How we use pyrosequencing to detect azole resistance genes in Aspergillus fumigatus
- Pyrosequencing in practice in Journal of Antimicrobial Chemotherapy: Novak-Frazer et al (2020) Deciphering Aspergillus fumigatus cyp51A-mediated triazole resistance by pyrosequencing of respiratory specimens
- Read about the concept in Journal of Fungi: van der Torre et al (2020) Detecting Azole-Antifungal Resistance in Aspergillus fumigatus by Pyrosequencing
Susceptibility testing can substantially improve mortality rates from serious fungal infections such as invasive aspergillosis (IA), and this is likely to become more important as antifungal resistance rates continue to rise. However, many settings do not order this testing routinely.
Azole resistance is also a problem for patients with chronic pulmonary aspergillosis (CPA) as resistance to first-line treatments (itraconazole/voriconazole) may develop in as little as 4 months.
Conventional susceptibility testing methods (e.g. microdilution) are performed on cultures grown from patient samples on specialist agar media, but in more than half of cases the broncheolar lavage (BAL) samples are culture negative.

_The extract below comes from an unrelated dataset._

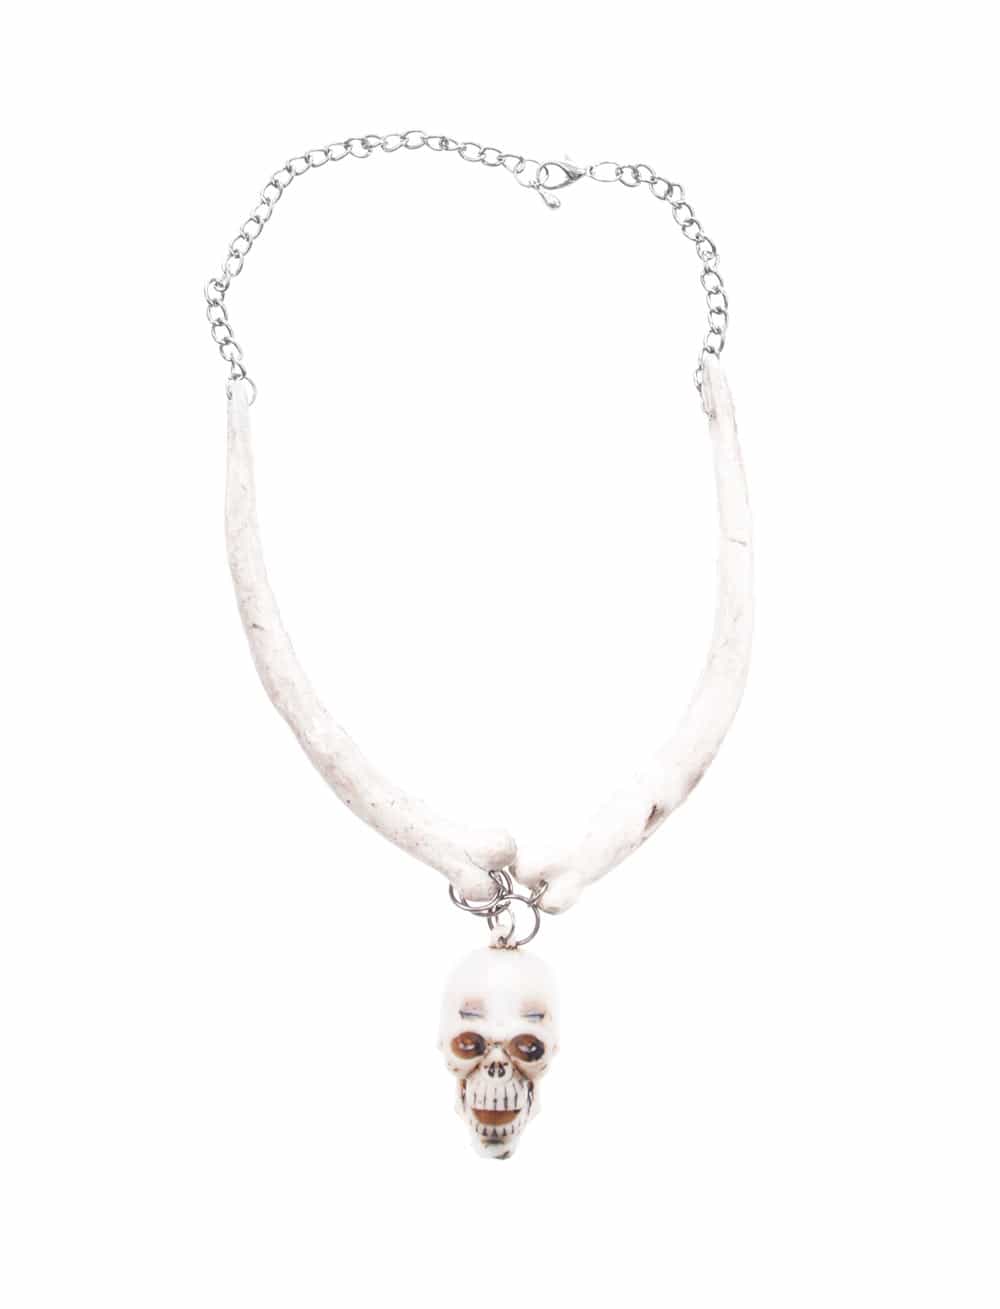 Halskette Totenkopf Häuptling HIER kaufen » Deiters

Therefore, we developed an in-house pyrosequencing method that detects cyp51 azole-resistance alleles directly from respiratory samples.

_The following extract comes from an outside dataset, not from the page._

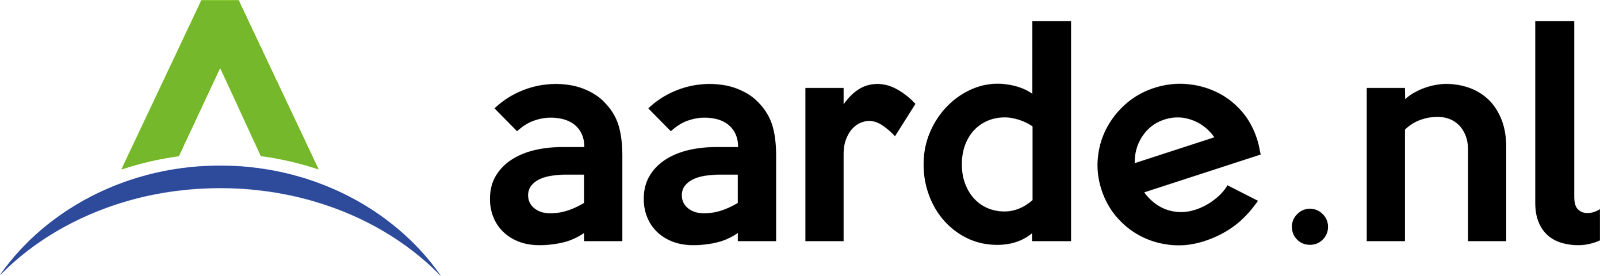 aarde.nl logo

The technical bit: cyp51 gene sequences are amplified by PCR and purified using biotinylated primers. Pyrosequencing produces 150-bp reads that are compared against a reference genome.

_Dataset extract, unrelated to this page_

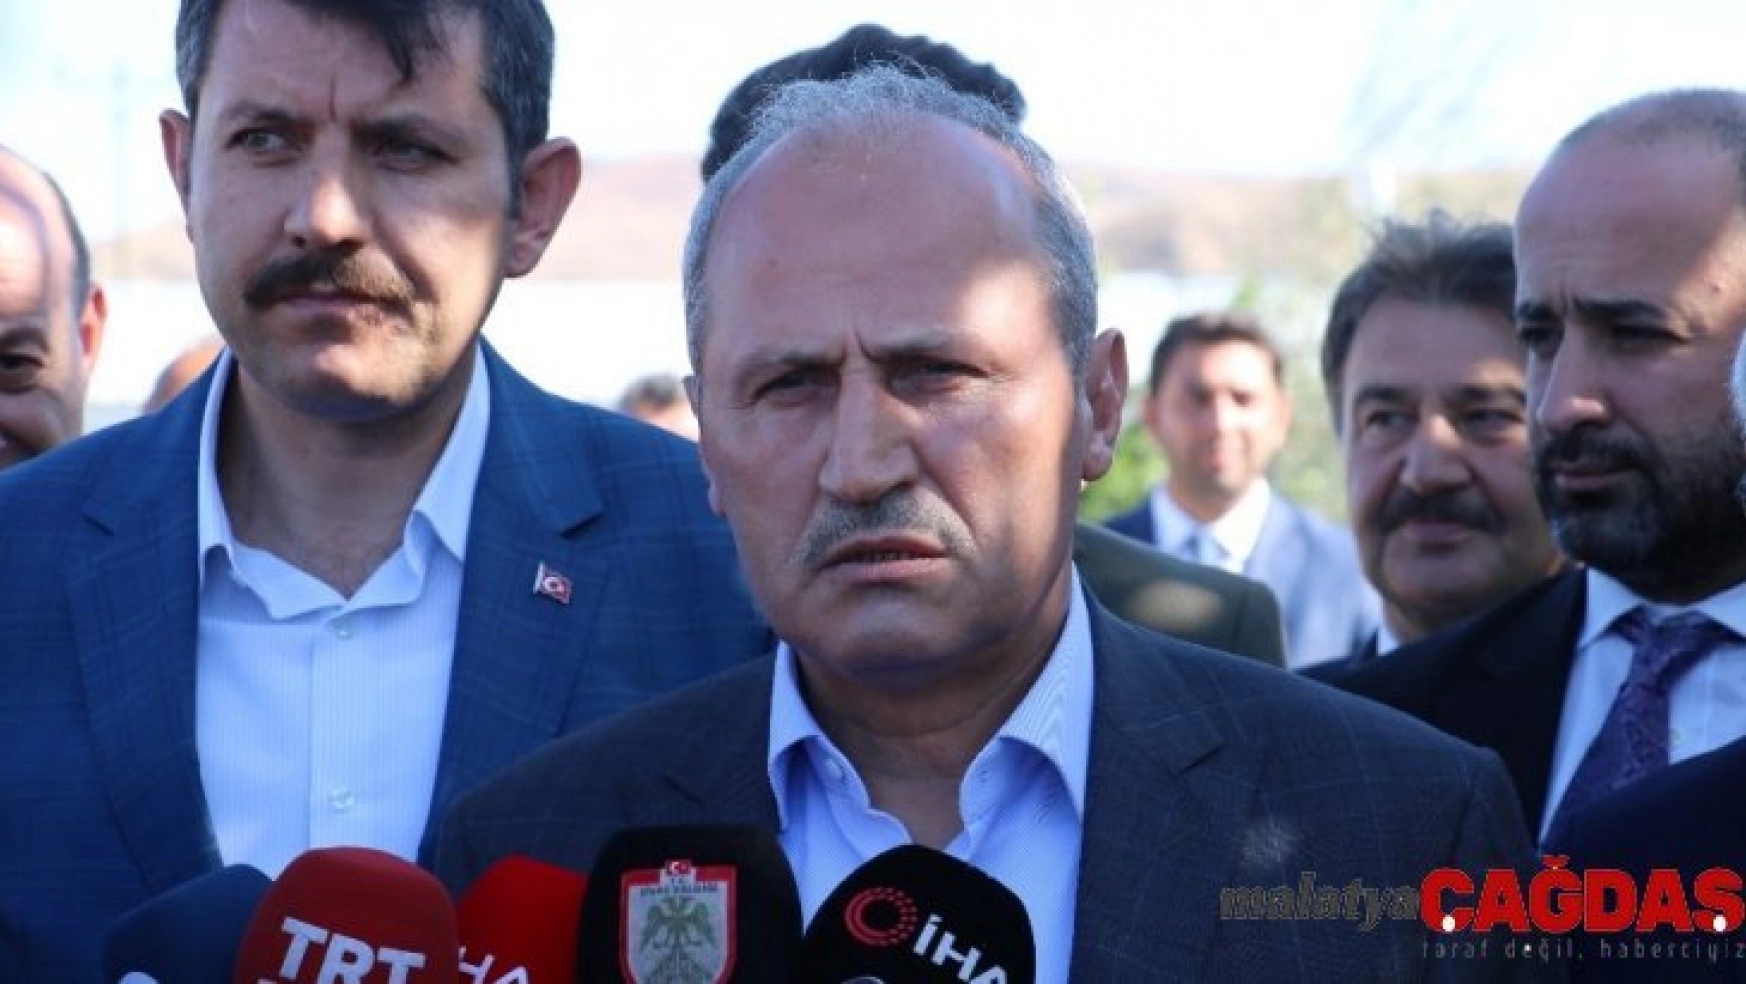 Ulaştırma ve Altyapı Bakanı Mehmet Cahit Turhan:

Our test has a faster turnaround time (14h process) than culture-based methods and covers a wider range of mutations than PCR-based methods . It has a similar limit of detection to existing RT-PCR assays and it can be used on samples where several different strains of fungi are present.
While we currently offer the test for Aspergillus fumigatus only, the method could be adapted for other fungi and genes of interest.